- **Assignment**:
Within the entries below, output exactly the lines between the line containing "Doodle vector shapes" and the line containing "Kobe Flip Top", inclusive, and omit any picture.

- **Data under study**:
================================

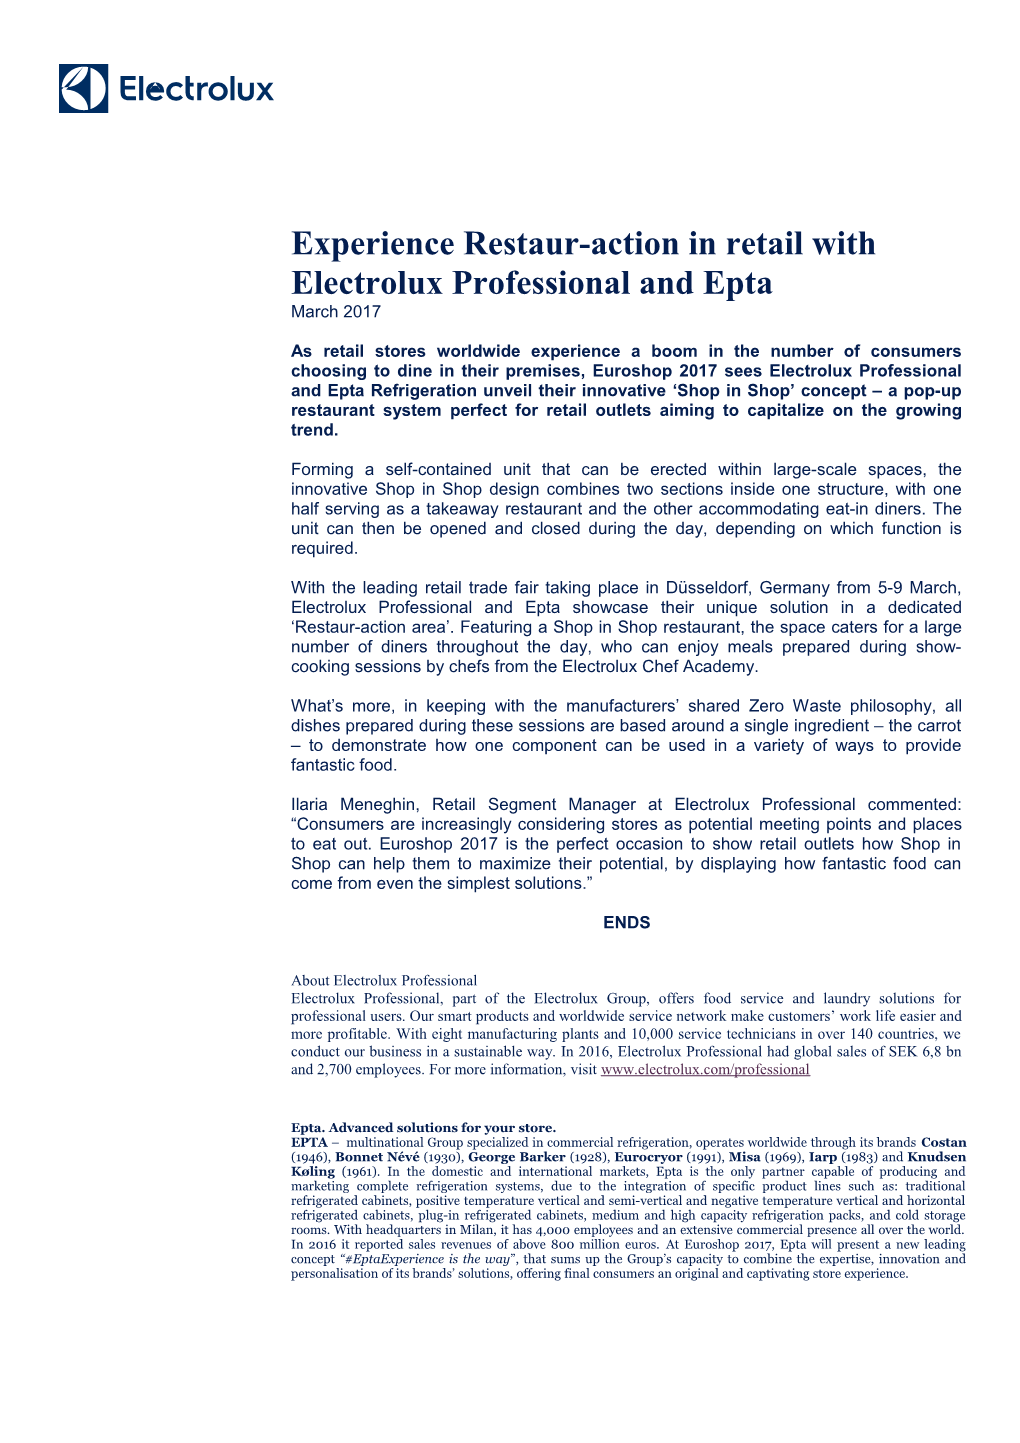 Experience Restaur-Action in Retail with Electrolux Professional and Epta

================================

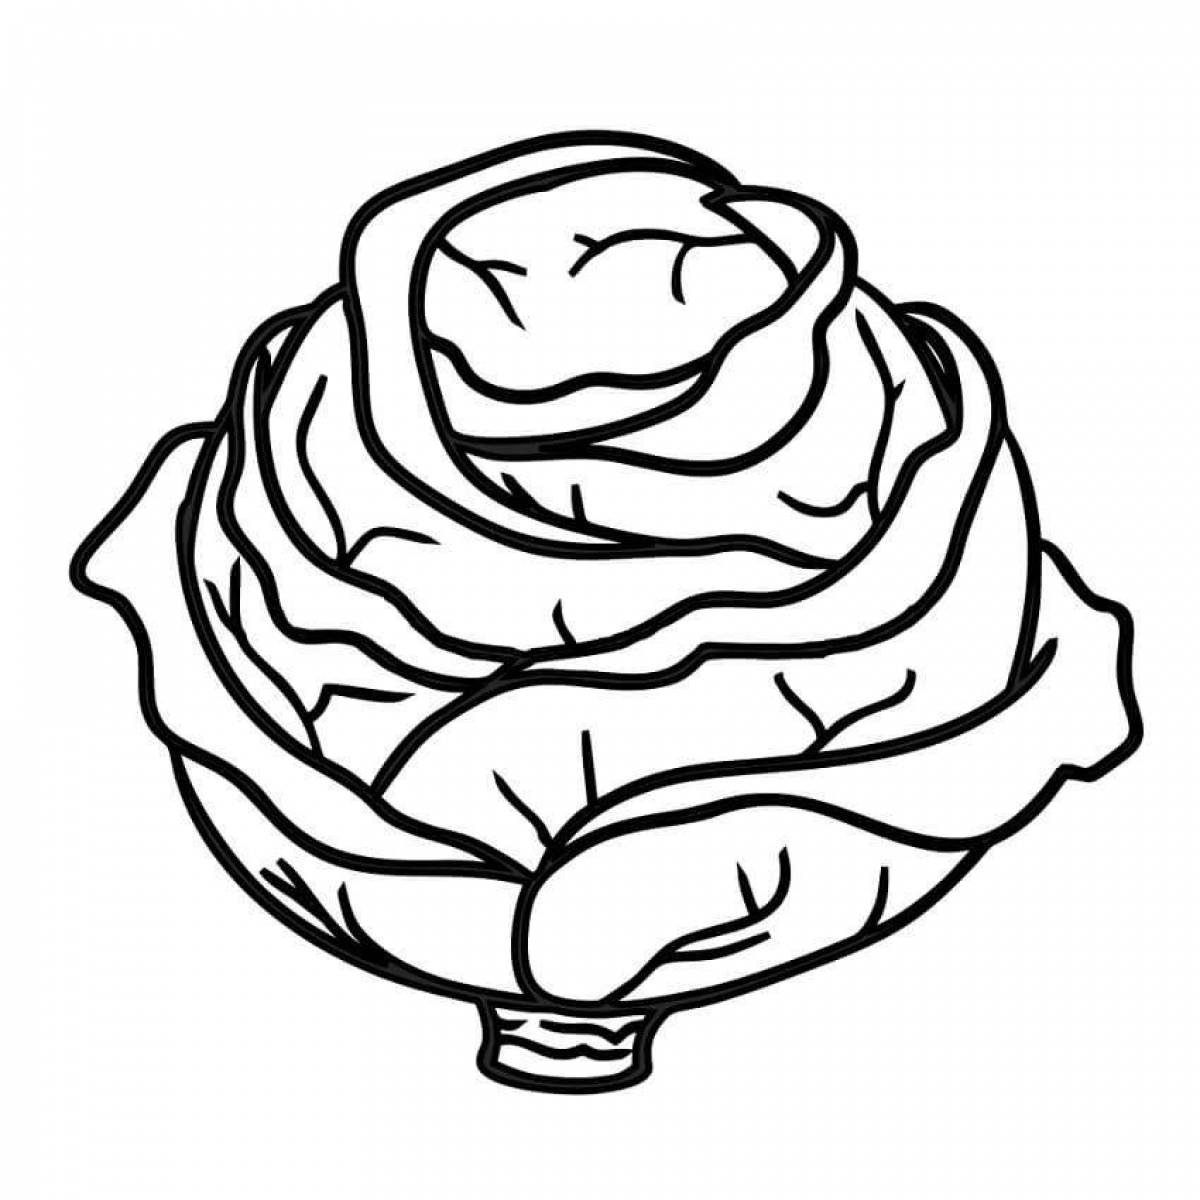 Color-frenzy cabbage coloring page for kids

================================

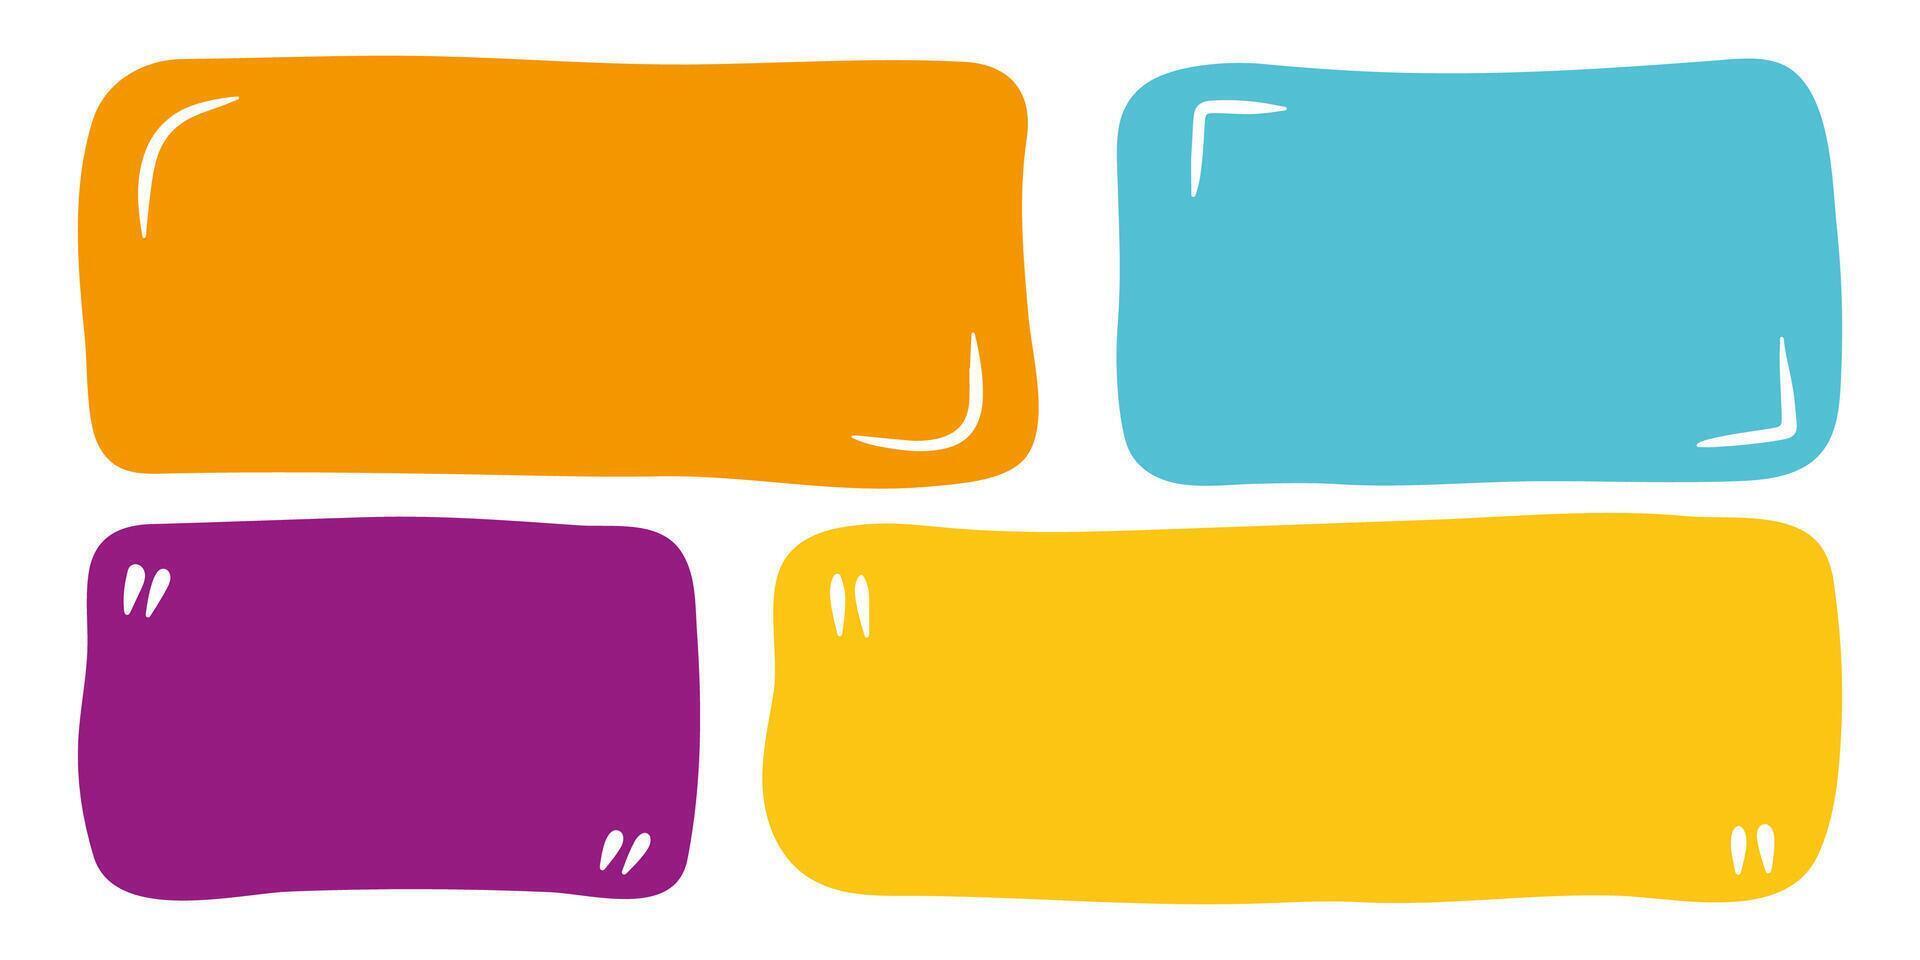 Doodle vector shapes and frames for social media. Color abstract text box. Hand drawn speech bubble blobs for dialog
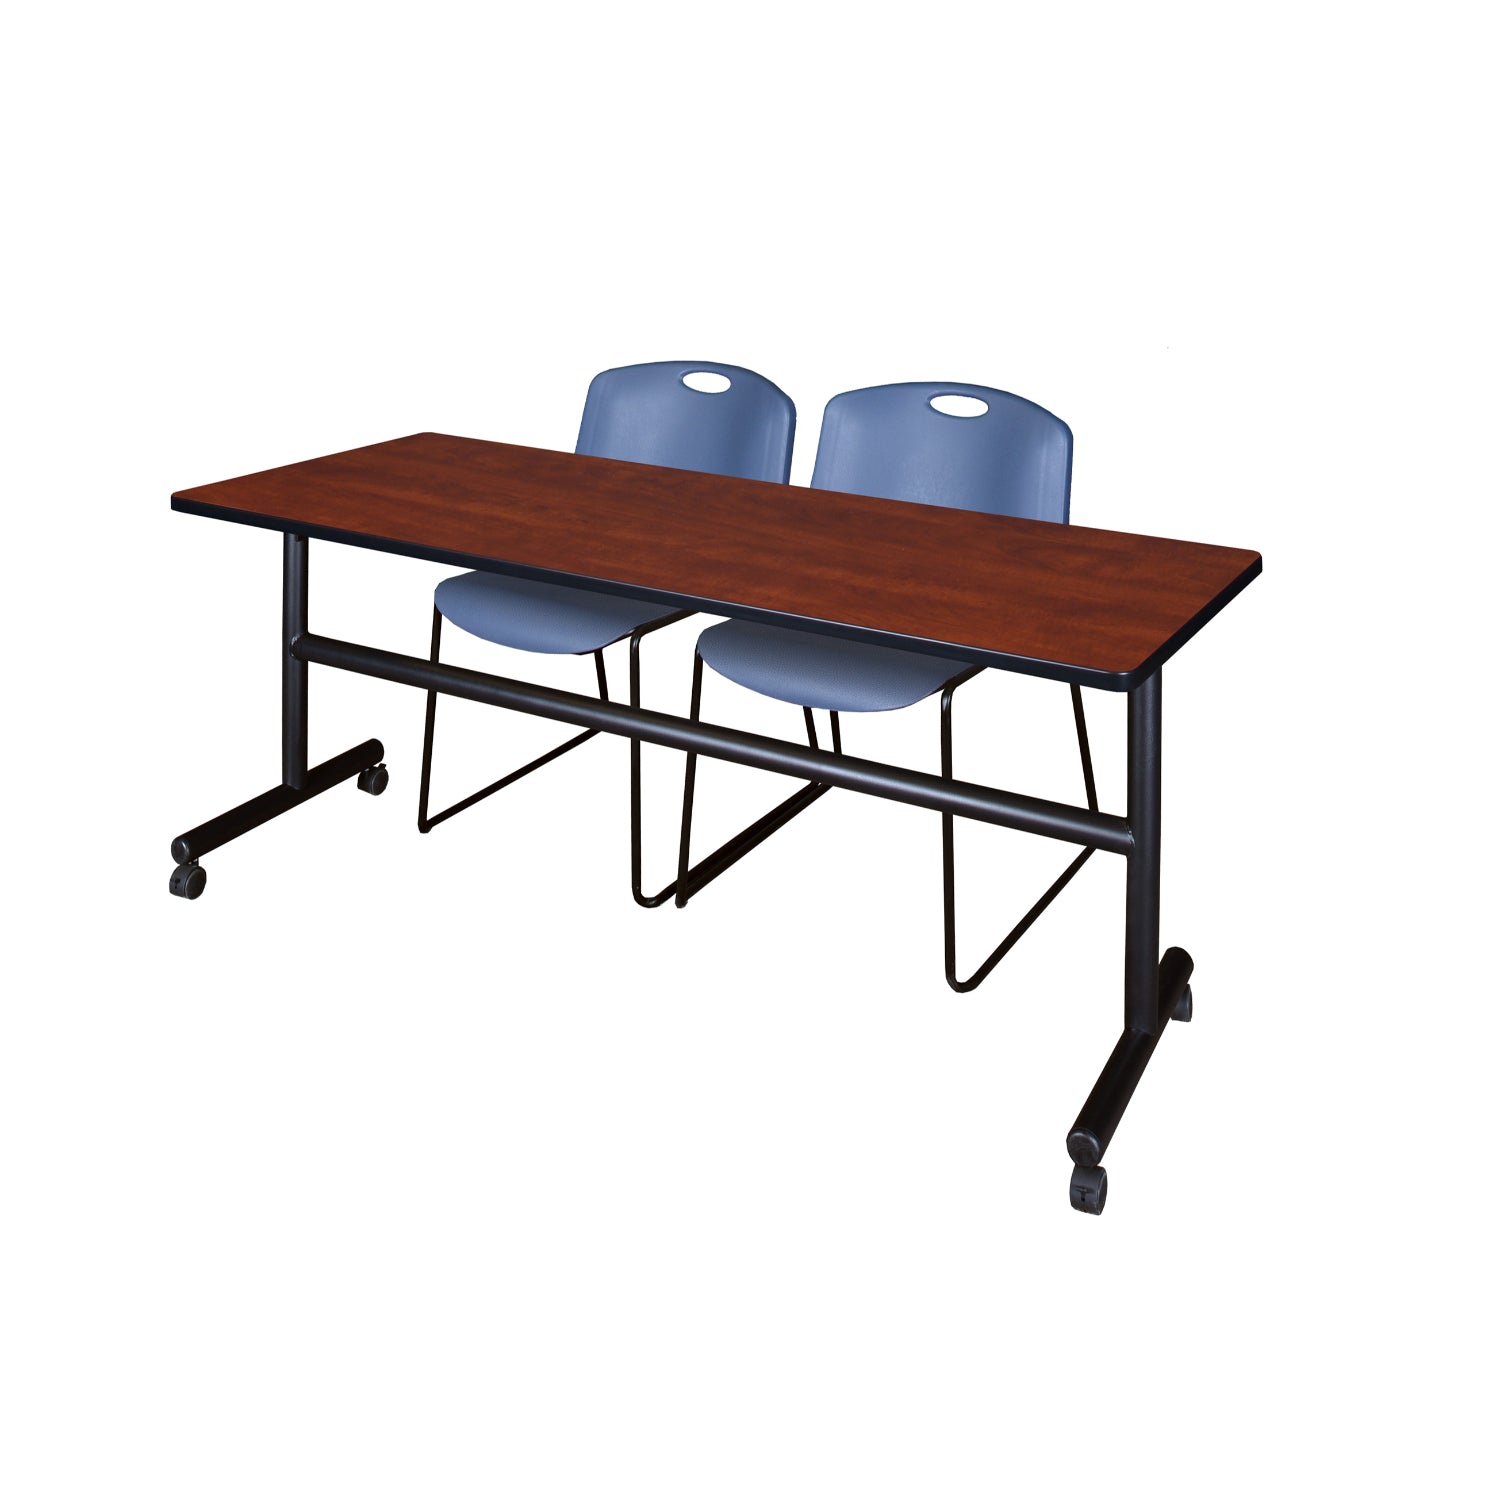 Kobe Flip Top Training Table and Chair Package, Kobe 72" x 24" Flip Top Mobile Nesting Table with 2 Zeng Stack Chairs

================================

- **Solution to this task**:
 Doodle vector shapes and frames for social media. Color abstract text box. Hand drawn speech bubble blobs for dialog
 Kobe Flip Top Training Table and Chair Package, Kobe 72" x 24" Flip Top Mobile Nesting Table with 2 Zeng Stack Chairs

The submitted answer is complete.